▶ **Task brief**: Please retype the data in full and exactly; the pictures are not part of the copy.

▶ **Available data**:
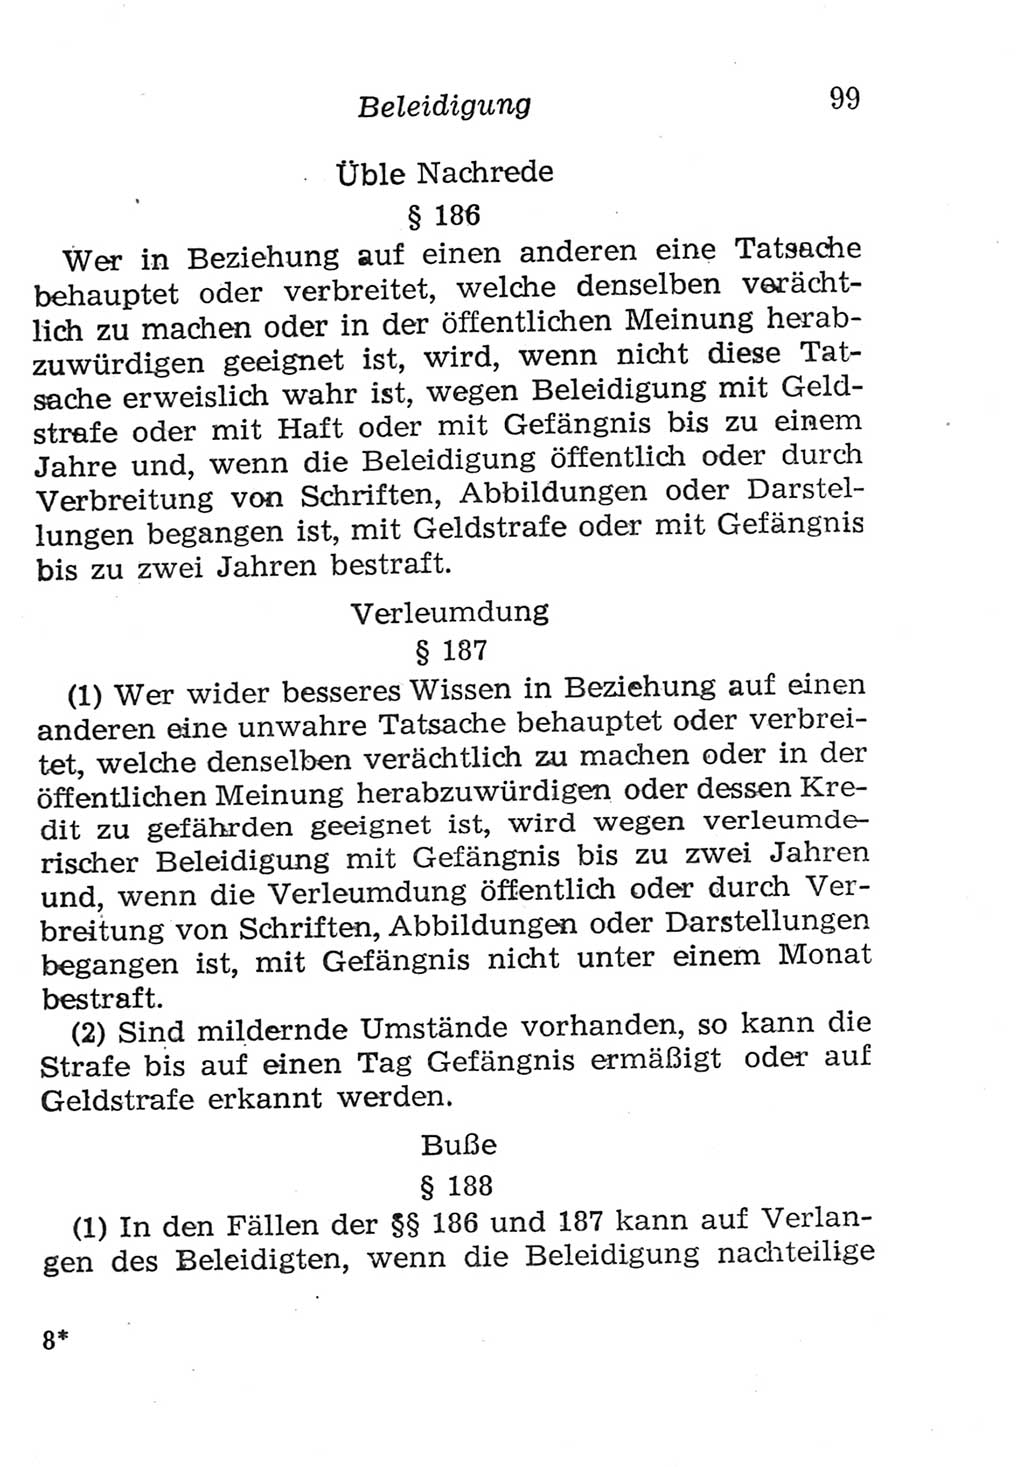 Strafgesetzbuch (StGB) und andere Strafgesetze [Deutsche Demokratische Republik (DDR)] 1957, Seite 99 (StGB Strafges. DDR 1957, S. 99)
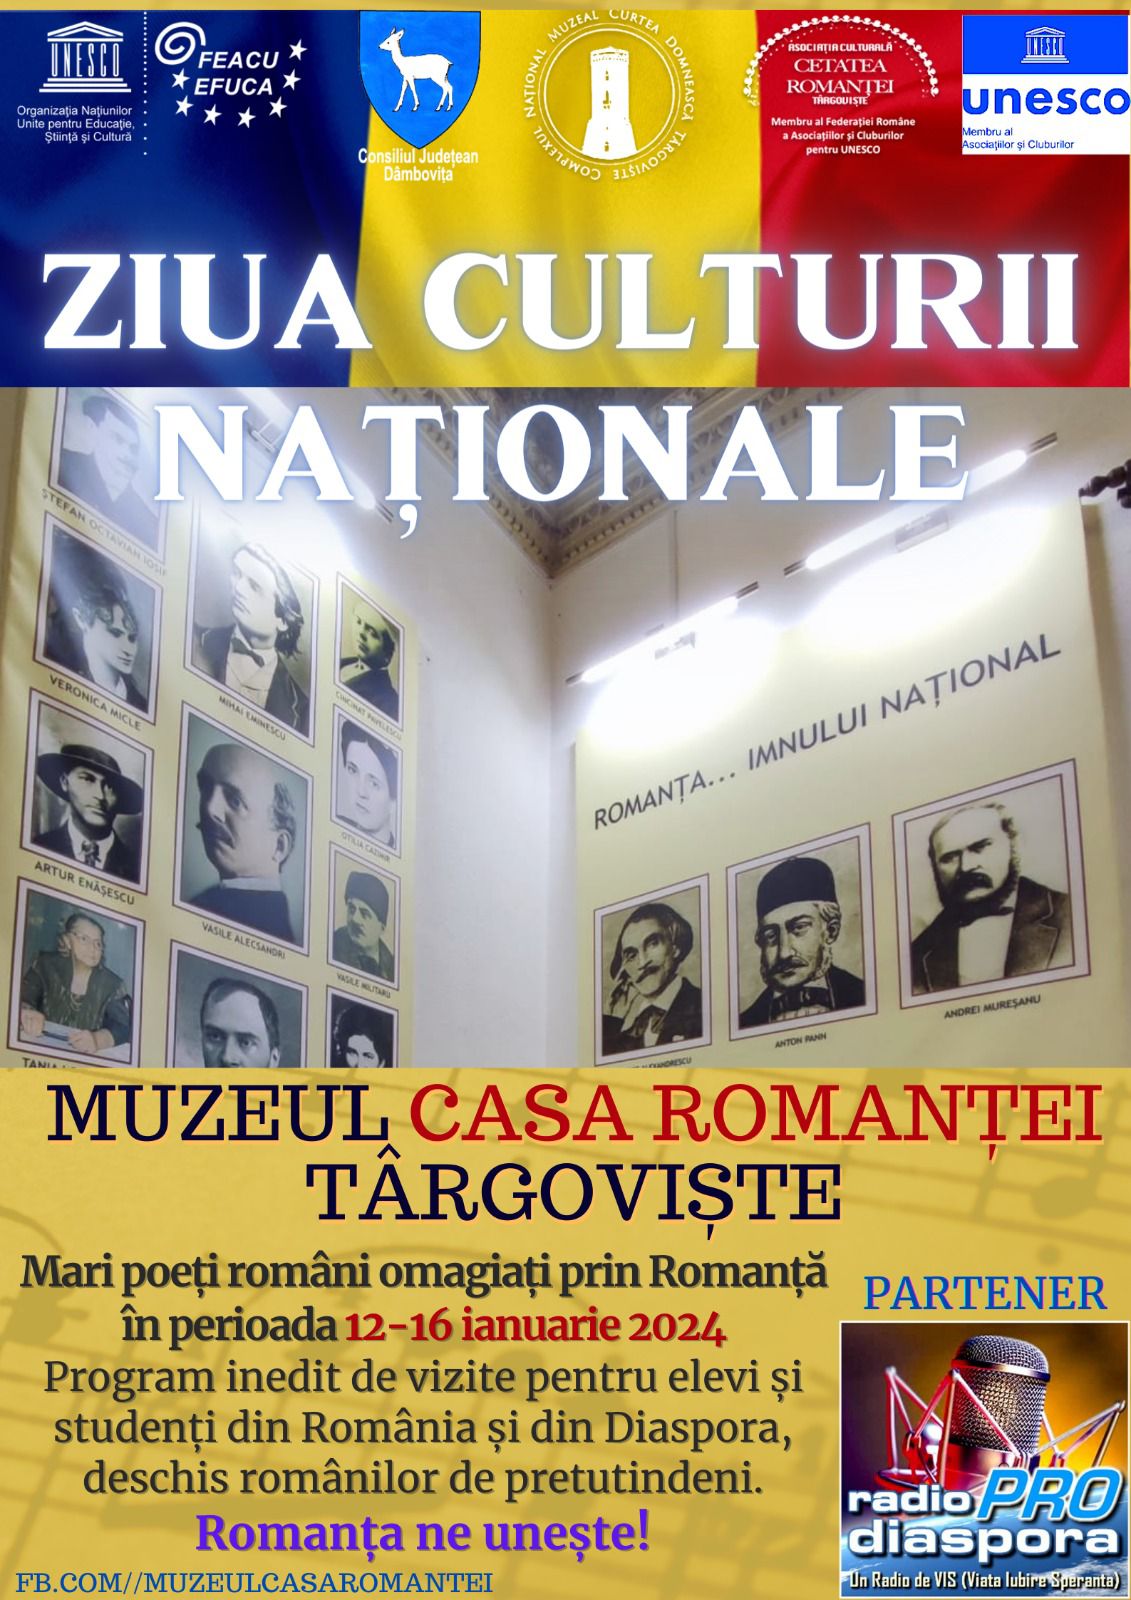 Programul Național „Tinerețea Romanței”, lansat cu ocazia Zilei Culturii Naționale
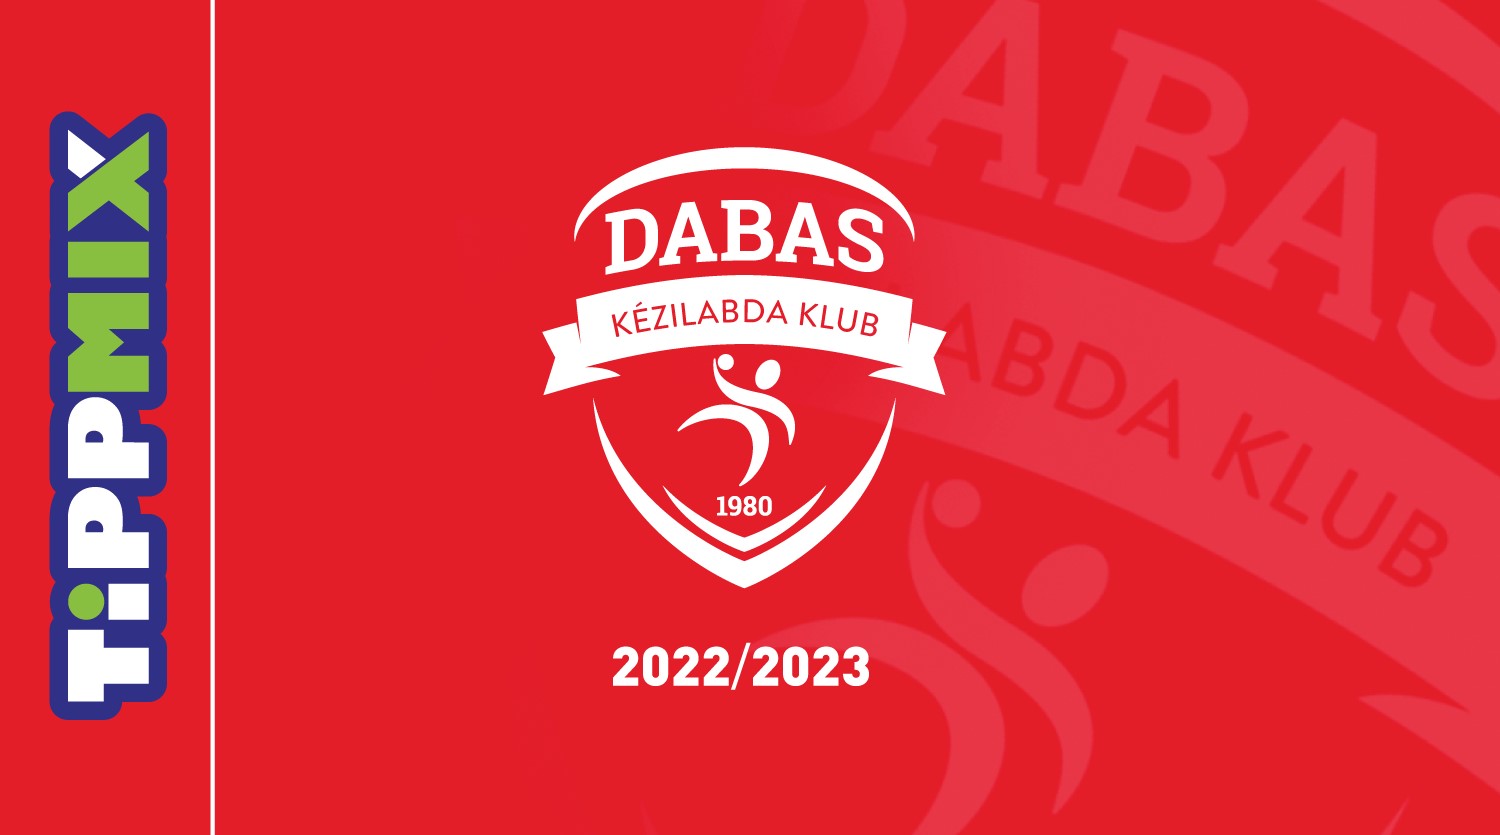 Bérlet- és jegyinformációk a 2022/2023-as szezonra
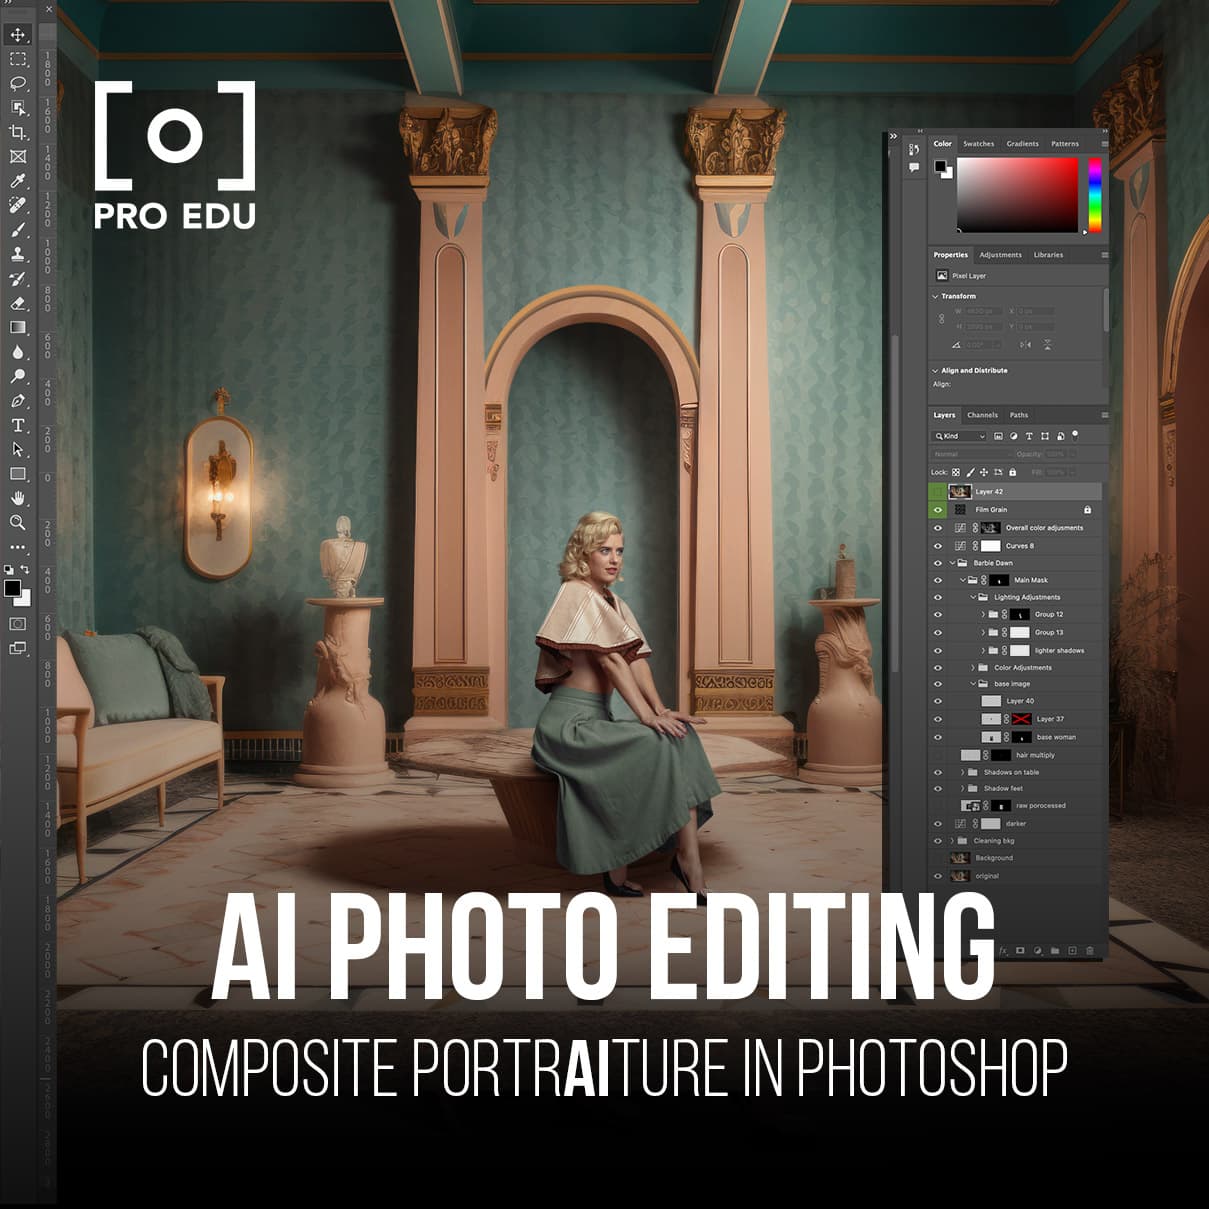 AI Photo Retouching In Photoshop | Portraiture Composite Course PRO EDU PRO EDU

▶ **Finished exercise**:
 Strafgesetzbuch (StGB) und andere Strafgesetze [Deutsche Demokratische Republik (DDR)] 1957, Seite 99 (StGB Strafges. DDR 1957, S. 99)
 Programul Național „Tinerețea Romanței”, lansat cu ocazia Zilei Culturii Naționale
 Bérlet- és jegyinformációk a 2022/2023-as szezonra
 AI Photo Retouching In Photoshop | Portraiture Composite Course PRO EDU PRO EDU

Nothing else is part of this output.